West Texas Intermediate for January delivery traded at $44.81 a barrel after settling at $44.91 a barrel. The contract earlier rose as much as five per cent to over $45 a barrel for the first time since March.    Brent for January settlement added $1.80 to $47.86 a barrel. Both benchmarks are at the highest since March 5.

But while the market may be strengthening on the outlook for improved demand in the near future, the pandemic’s effects are still rippling around the globe. Total SE said it will halt its Donges refinery for several months as it’s currently unprofitable due to weak demand. Several refineries in the U.S. have shut because of the collapse in fuel demand.

While inventories at the nation’s biggest storage hub in Cushing, Oklahoma, should ultimately tighten, WTI timespreads face further weakness in the near term amid rising Canadian supplies and risks to refining demand, according to a BofA Global Research report. The API report showed a draw in supplies at Cushing. Inventories there have steadily climbed over recent weeks to levels last seen in May.

“Over the coming months, Canadian supply will likely recover further as oil sands operations are restored, but production in the Bakken, Niobrara, and Oklahoma will likely be nearly flat versus current levels,” the BofA Global Research report said. “This, combined with the potential for weaker refinery demand on lockdowns could push Cushing inventories higher in the coming weeks.”

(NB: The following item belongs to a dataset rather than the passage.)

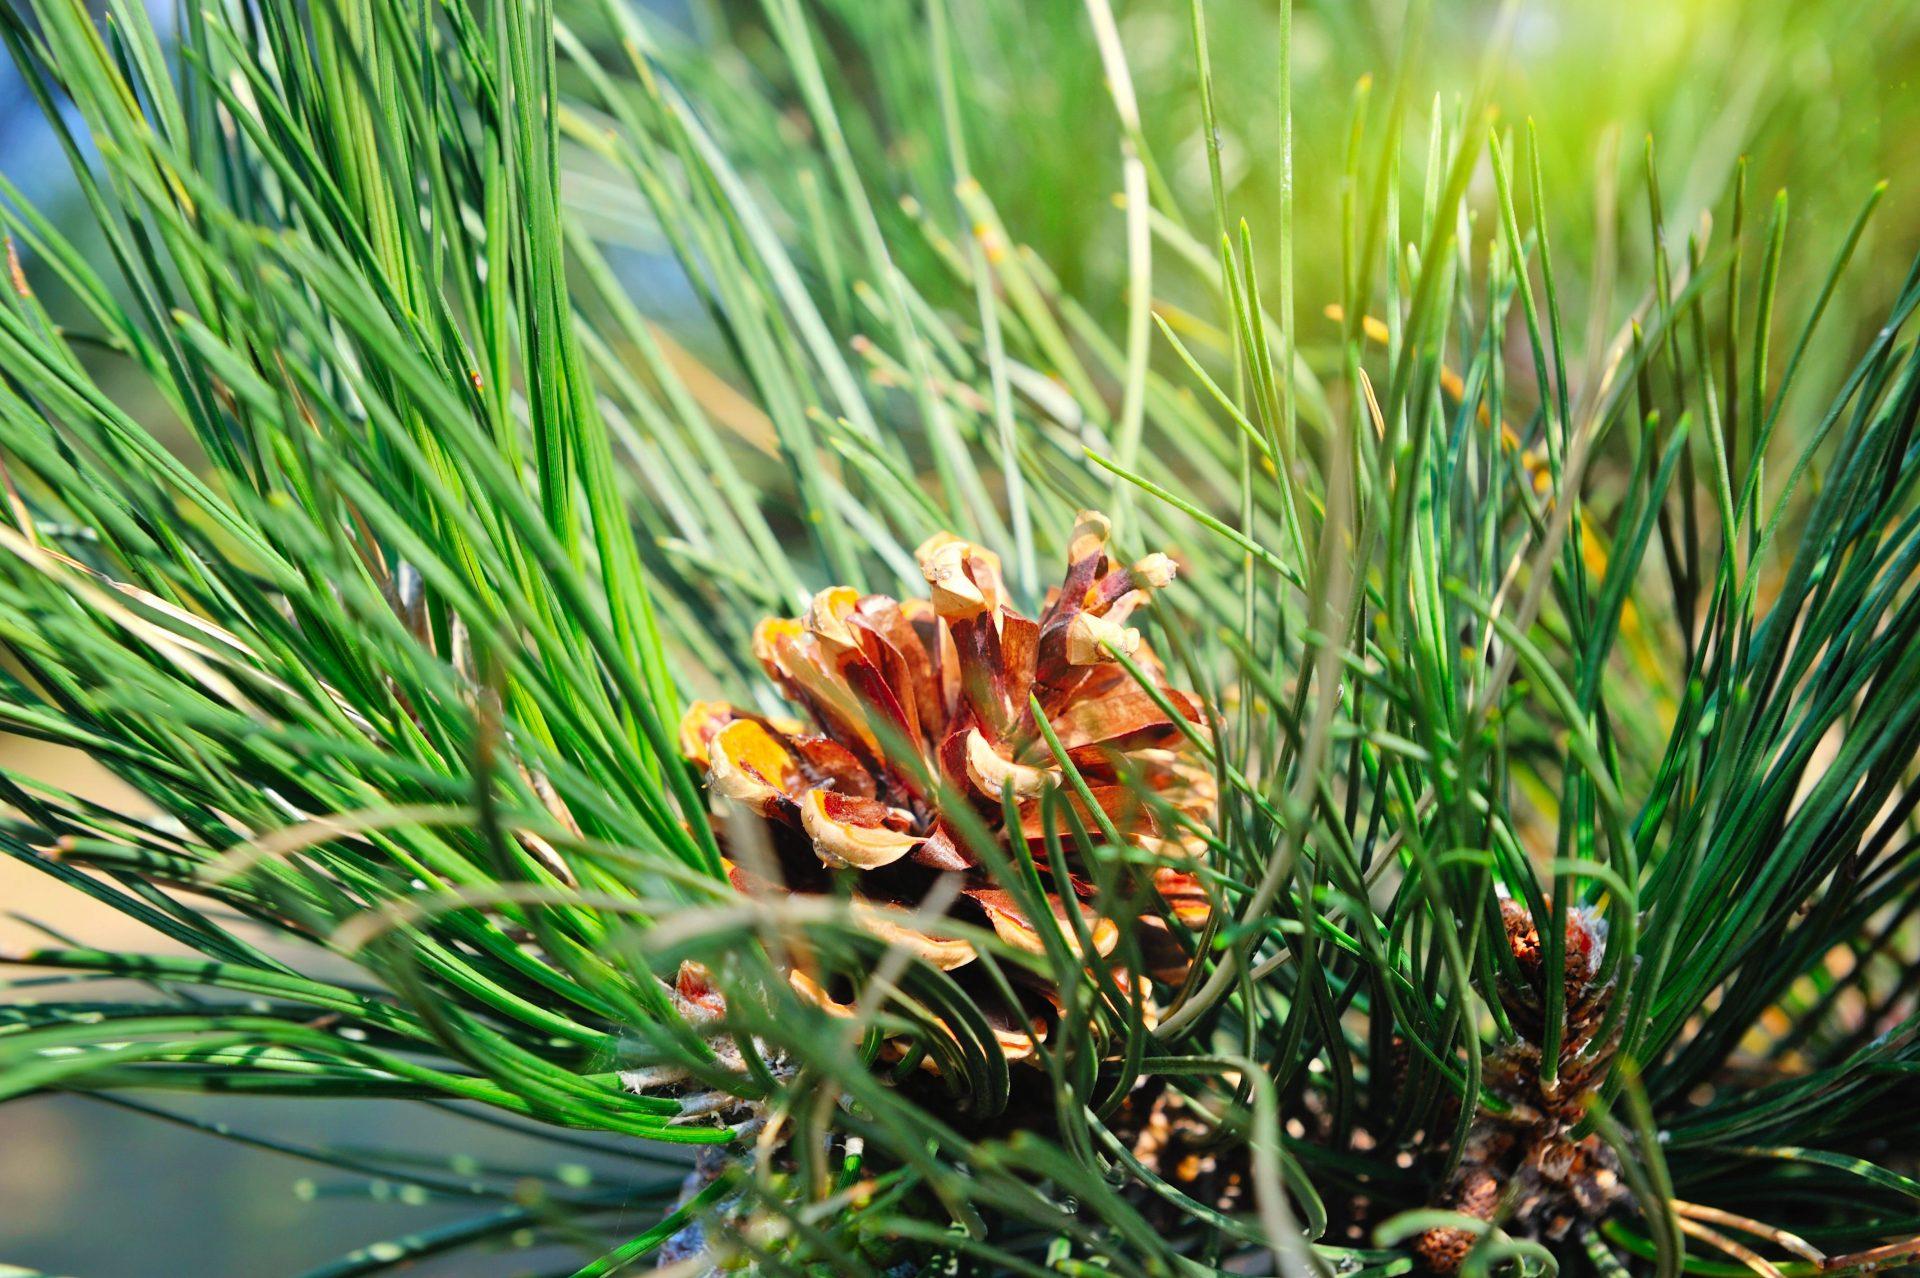 tree service in Monkton MD -- Keil Tree Experts

Also, in August 2020, U.S. offshore production fell by the most on a monthly basis since September 2008, due to several hurricanes. Offshore output fell by 453,000 barrels per day (bpd) reflecting a decline of 27 per cent. This made production to fall to 1.2 million barrels per day for the month, a seven-year low. The drop in production also aided oil price rise.

However, the Energy Information Administration (EIA) expects oil output to recover to nearly 1.92 million barrels per day by December 2020.